What I want to say clearly this morning is – Adoption is the most UN-natural way for a child to grow up. Having one’s birth certificate altered to make it appear that total strangers actually gave birth to you when they did NOT. Having your name changed to suit the desires of your adoptive parents ? It is a fantasy. A pretend life and adoptees feel it keenly, as my mom clearly did “it just wasn’t real to me”.

The thing my mom could be glad for is that she had a financially comfortable upbringing and some perks such as travel along with her adoptive mother. She also suffered some coldness and harsh judgement because her natural body structure would never be lithe and thin as my adoptive grandmother took such pains to make her own. I know, I suffered a humiliating embarrassment in a public restaurant in London from her over the sin of taking a piece of bread and putting some butter on it.
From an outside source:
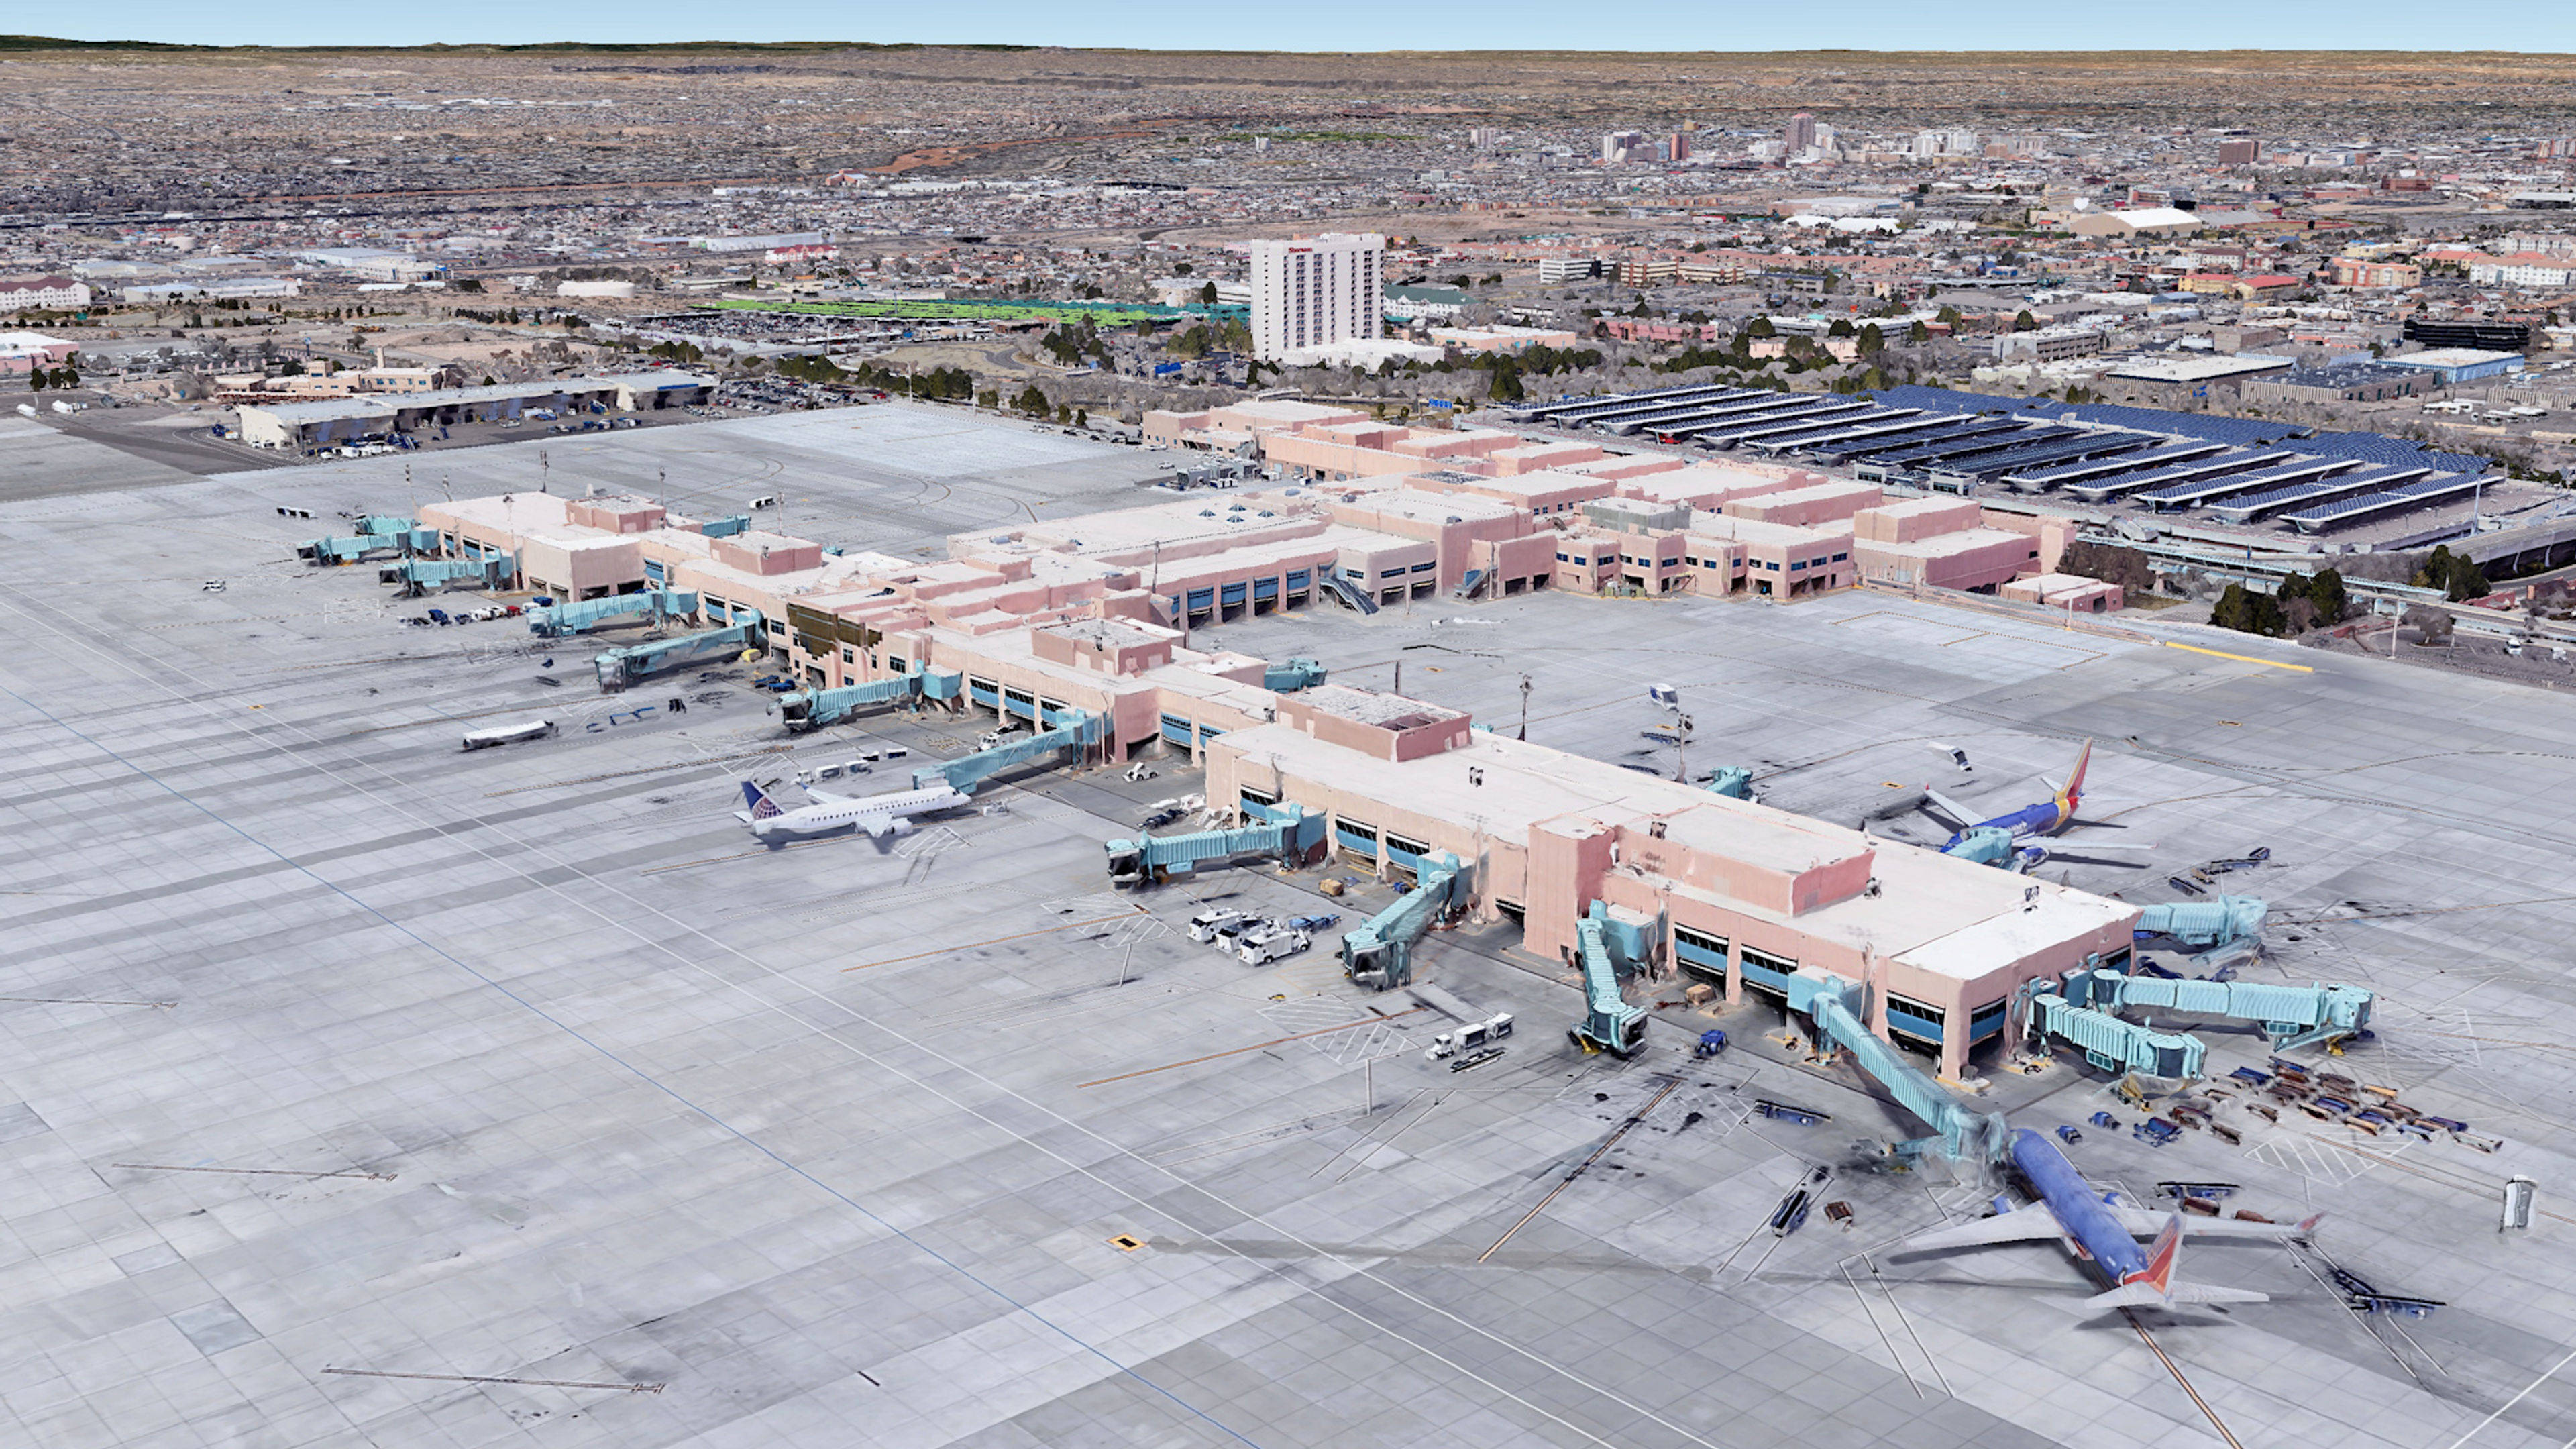 Aerial View of Albuquerque Sunport Airport

My maternal adoptive grandmother was an accomplished and phenomenal woman. I grant her that. But I am convinced she bought her children when she found she could not conceive. I am no longer a believer in adoption and until I run out of things to write about – I will continue making an argument for family preservation and an end to separating babies from their natural mothers. I will defend allowing such children who are unfortunate enough to be adopted to keep ALL the ties to their identities – their genuine birth certificate and their name (unless and until, it is their choice to change that).

Fake News

My all things adoption Facebook group is all about reforming the practice. The first step is waking people up. When I first joined this group, I was just beginning to learn who my original grandparents were (both of my parents were adopted). Because adoption was the most natural thing in the world in my own family, I was totally in the adoption fog, even though I was not adopted myself. It was so normal in my family that both of my sisters gave up babies to adoption – one did it as her intentional choice, the other one wanted to keep her daughter but could not access the support to do so. Unbelievably to me now, my own mother who was actually troubled or at the least conflicted about her own adoption (believing she had been stolen from her birth parents by Georgia Tann) pressured my sister to relinquish her daughter to adoption.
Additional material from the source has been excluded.